Thursday, September 8, 2011

#398. Demonia (1990)

Directed By: Lucio Fulci

Starring: Brett Halsey, Meg Register, Lino Salemme

Tag line: "No Evil Deed Goes Undone!"

Trivia:  Shot entirely on location in Syracuse, Sicily

No stranger to the horror genre, director Lucio Fulci was also no stranger to thinly constructed narratives and convoluted plots. Yet where some of his films featured a visual energy to take your mind off their puzzling stories, Demonia's tale of ghostly nuns rising from the grave was simply too far gone to be salvaged. 

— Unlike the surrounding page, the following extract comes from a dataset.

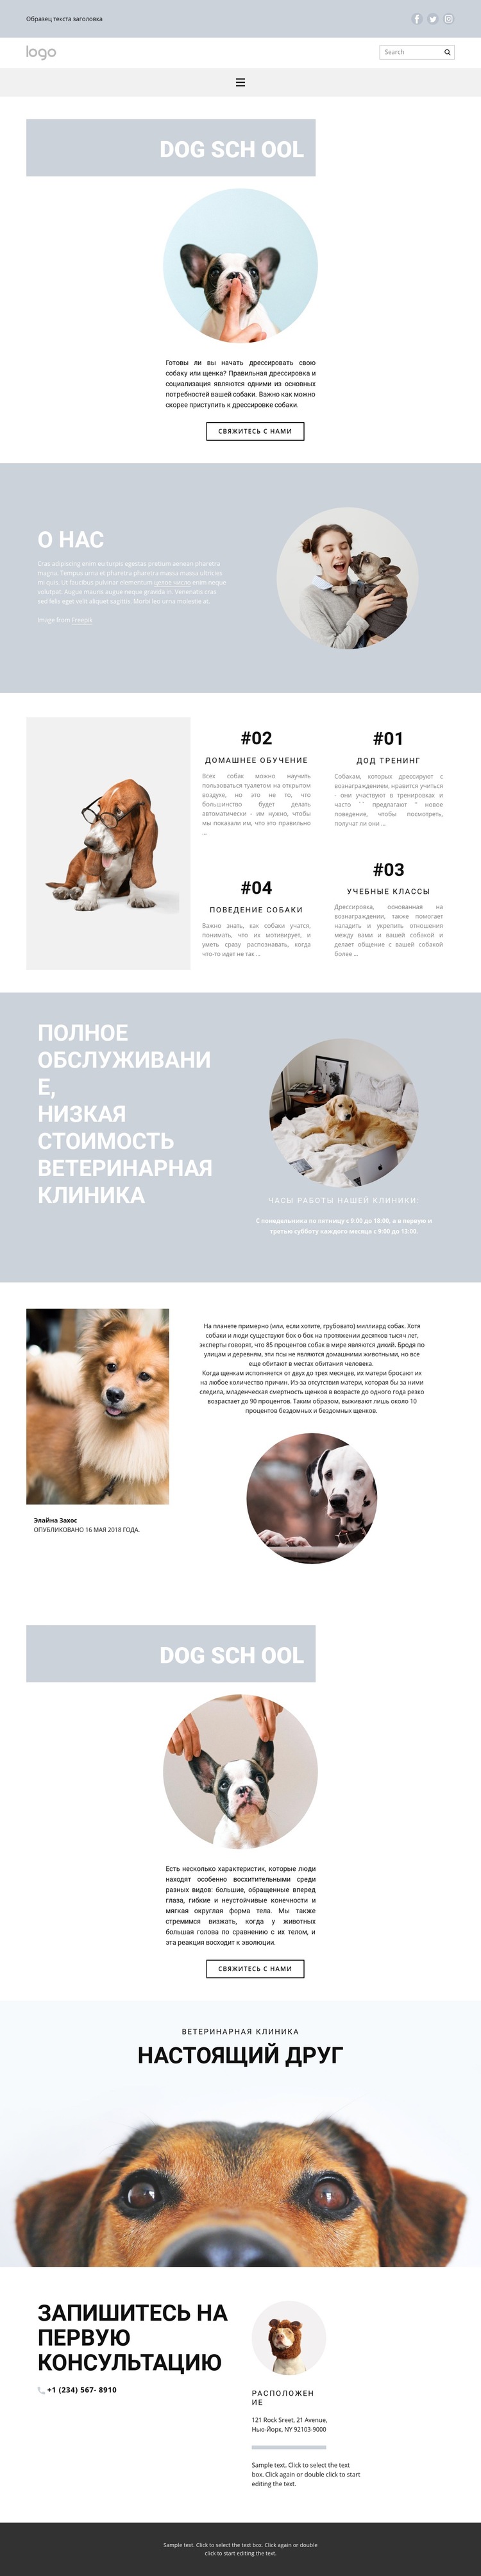 Разведение собак Шаблон веб-сайта

A young archaeologist named Liza (Meg Register) accompanies her mentor, Paul (Brett Halsey), to Sicily, where he's digging for artifacts that date back to ancient Greece. But Liza's attentions are drawn elsewhere, to the ruins of a 15th century convent where, over 500 years earlier, some nuns were crucified for allegedly conducting Satanic rituals. Warned not to pry into the past, Liza is nonetheless compelled to uncover the truth behind this strange, somewhat evil place. 

Not so much a horror film as it is a collection of scenes flimsily strung together, Demonia will have you scratching your head shortly after the opening titles. Following a flashback to 1486, where we witness the murder of five nuns (one of the best scenes in the film, actually), we're thrown forward five centuries to a séance in Toronto, where Liza has a vision of these killings, lets out a scream, and then passes out. She can't explain what she saw, nor does she know the reason why she's drawn to the old convent, despite being told by Paul and a slew of others to stay away from it. There are a handful of dream sequences that only add to the confusion, and characters come and go with no idea of how they fit into the story. One minute, Liza and Paul are sitting on the houseboat of a fellow archaeologist named Porter (Al Cliver), discussing how the locals react to outsiders, and the next, Porter, returning home from doing a little shopping, is murdered by a topless female ghost wielding a spear gun. What the hell

Demonia is undoubtedly a bad film, yet I can't say it's a dull one; I found myself paying close attention because I honestly expected, perhaps even hoped, it would all come together in the end. Of course, it never did, but at least it held my interest. So, no...Demonia is not boring.  But it is confusing, and oh so very frustrating.